[Entries shown]

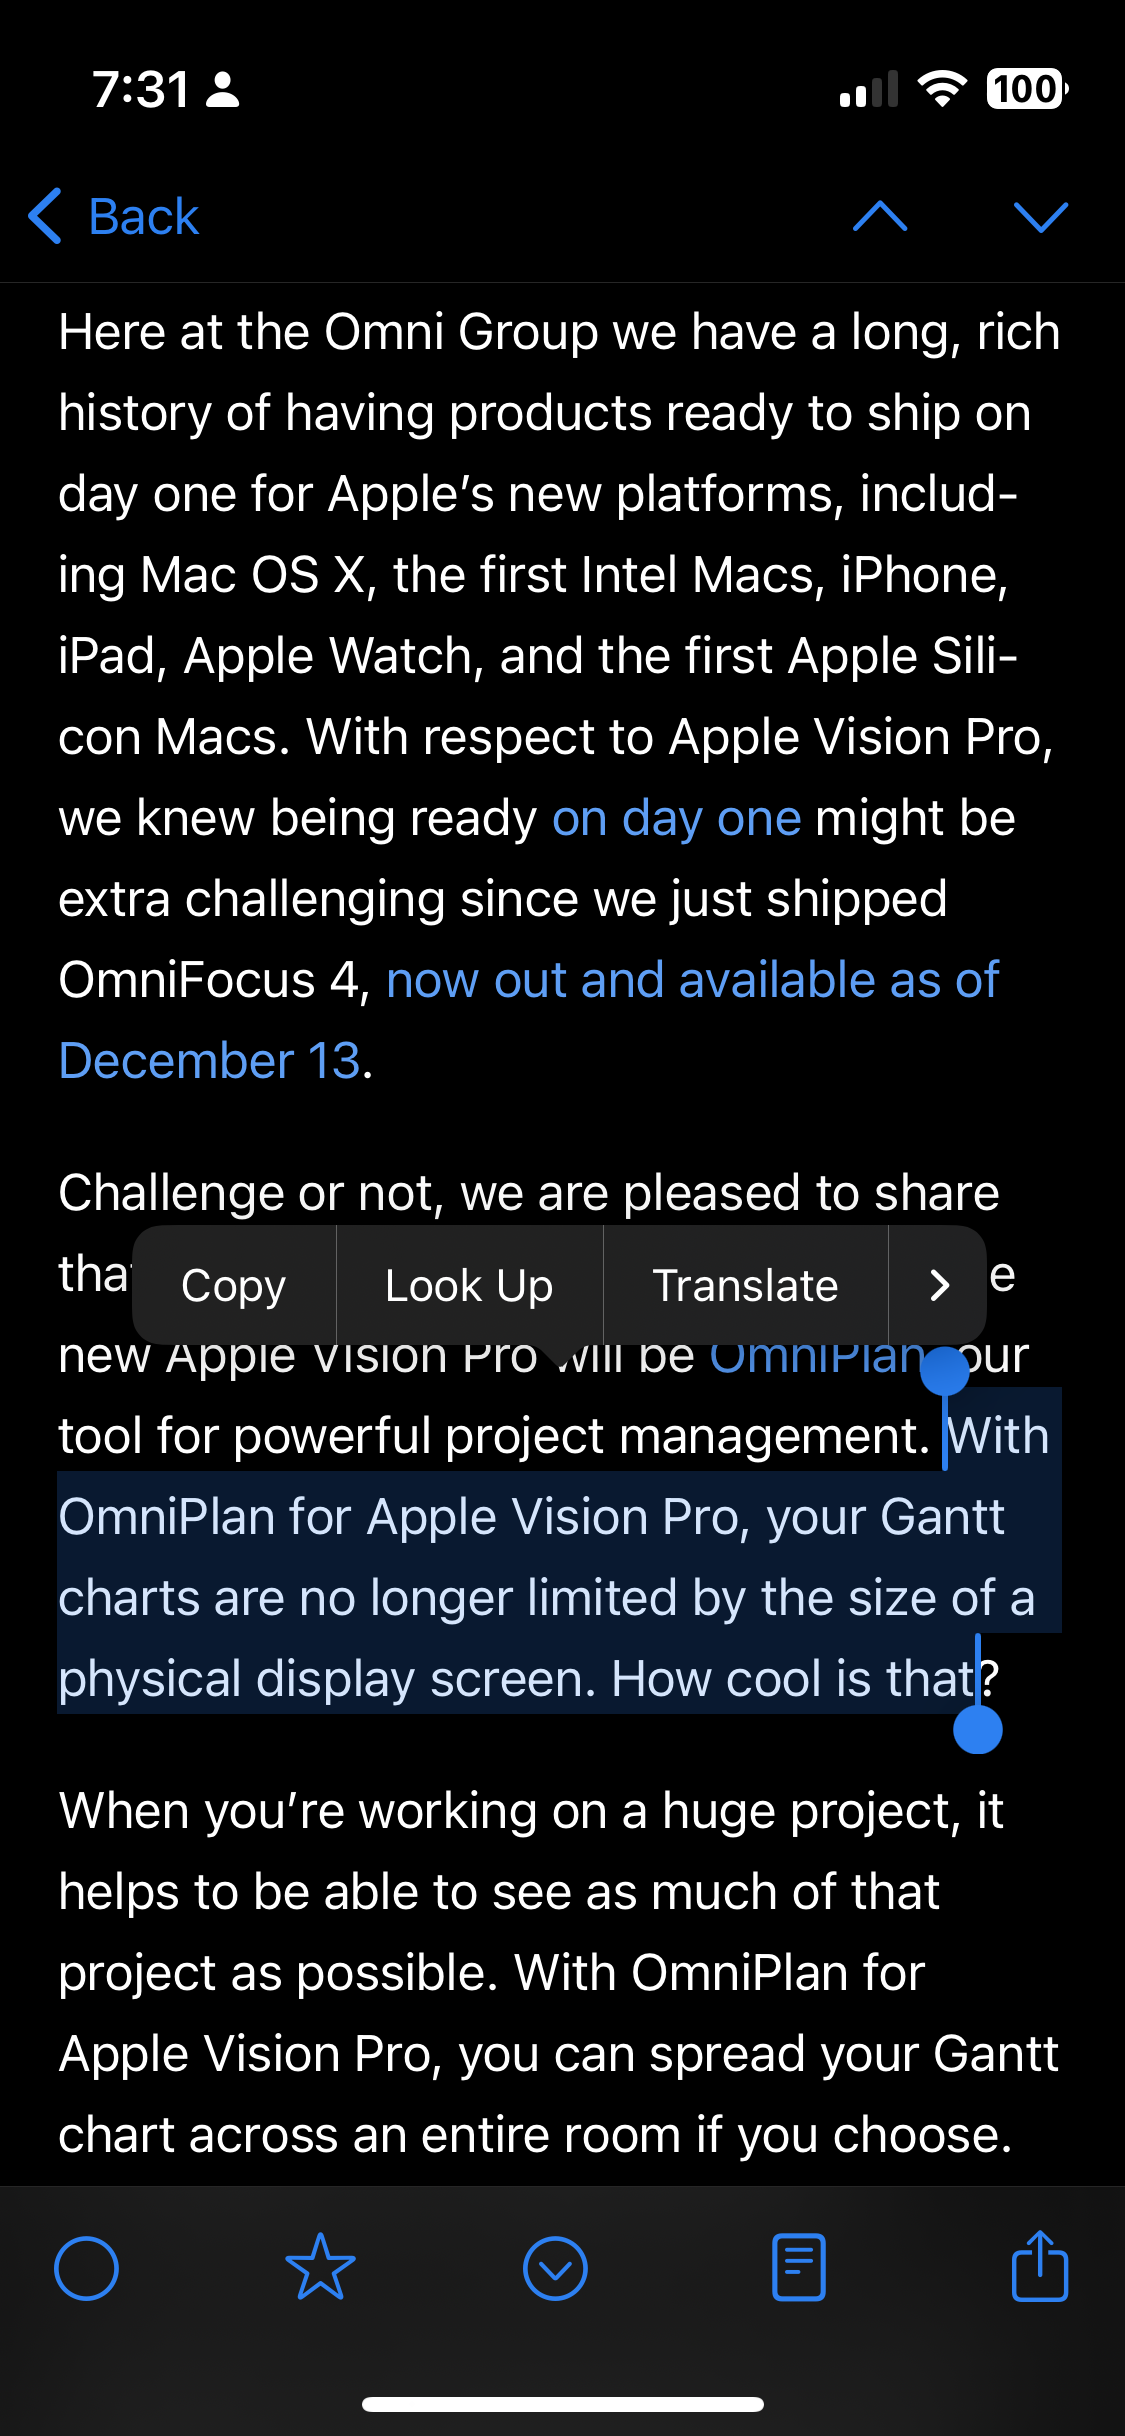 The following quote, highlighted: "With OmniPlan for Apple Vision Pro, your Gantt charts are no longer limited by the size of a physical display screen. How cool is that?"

[/Entries shown]
[Entries shown]

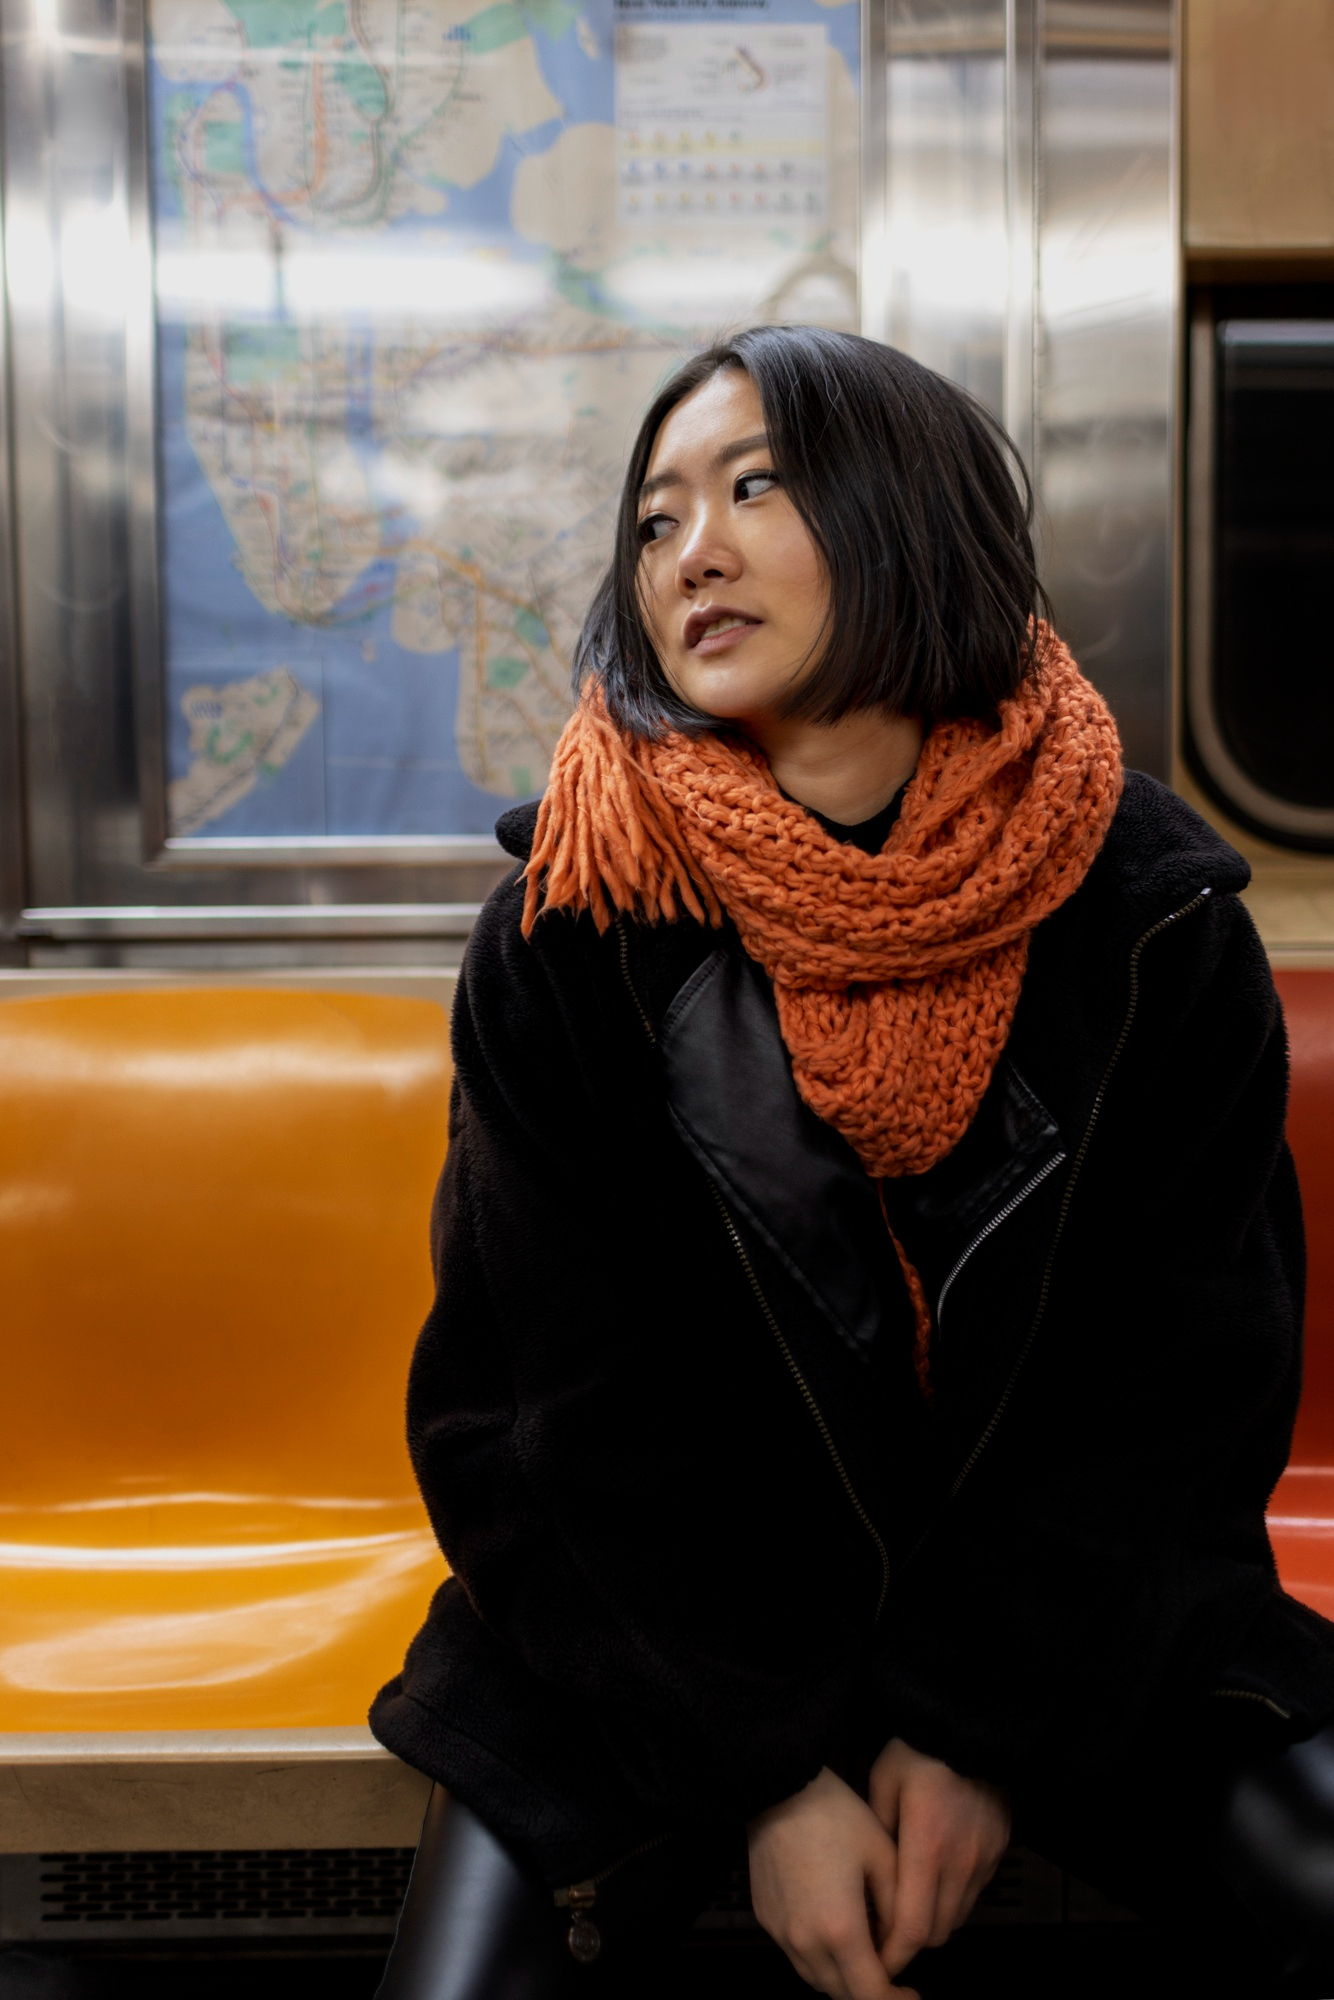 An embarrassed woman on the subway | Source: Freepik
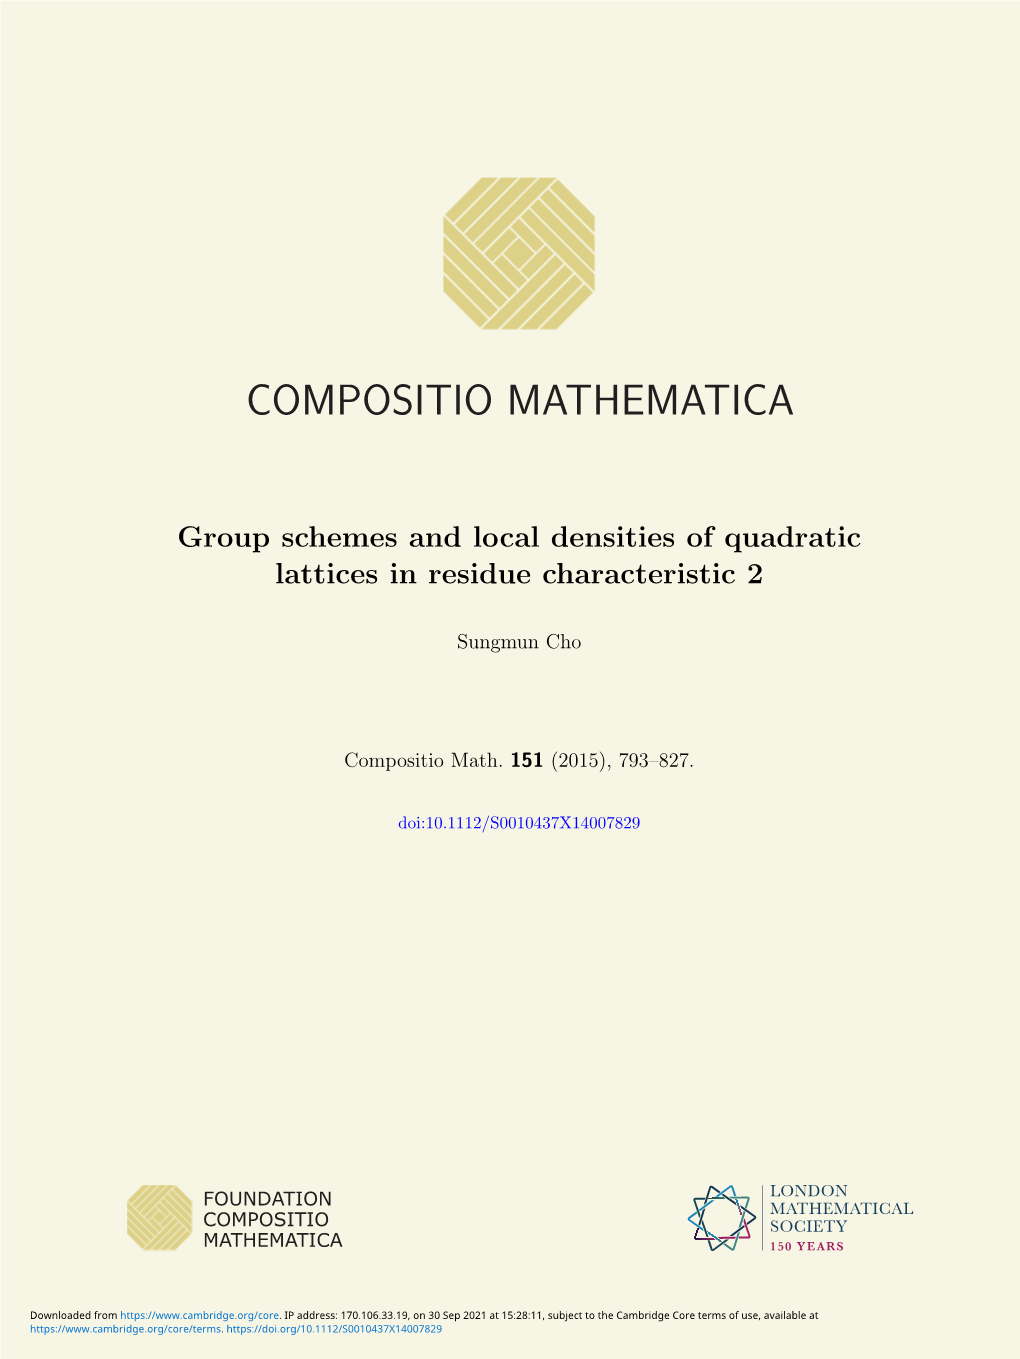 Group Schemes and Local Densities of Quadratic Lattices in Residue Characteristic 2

[/Entries shown]

- Task prompt -
Using the data above, give again exactly the lines starting at the one holding "An embarrassed woman" and ending at the one holding "Group Schemes and", inclusive, and nothing more. Omit the pictures.

- Solution to this task -
 An embarrassed woman on the subway | Source: Freepik
 Group Schemes and Local Densities of Quadratic Lattices in Residue Characteristic 2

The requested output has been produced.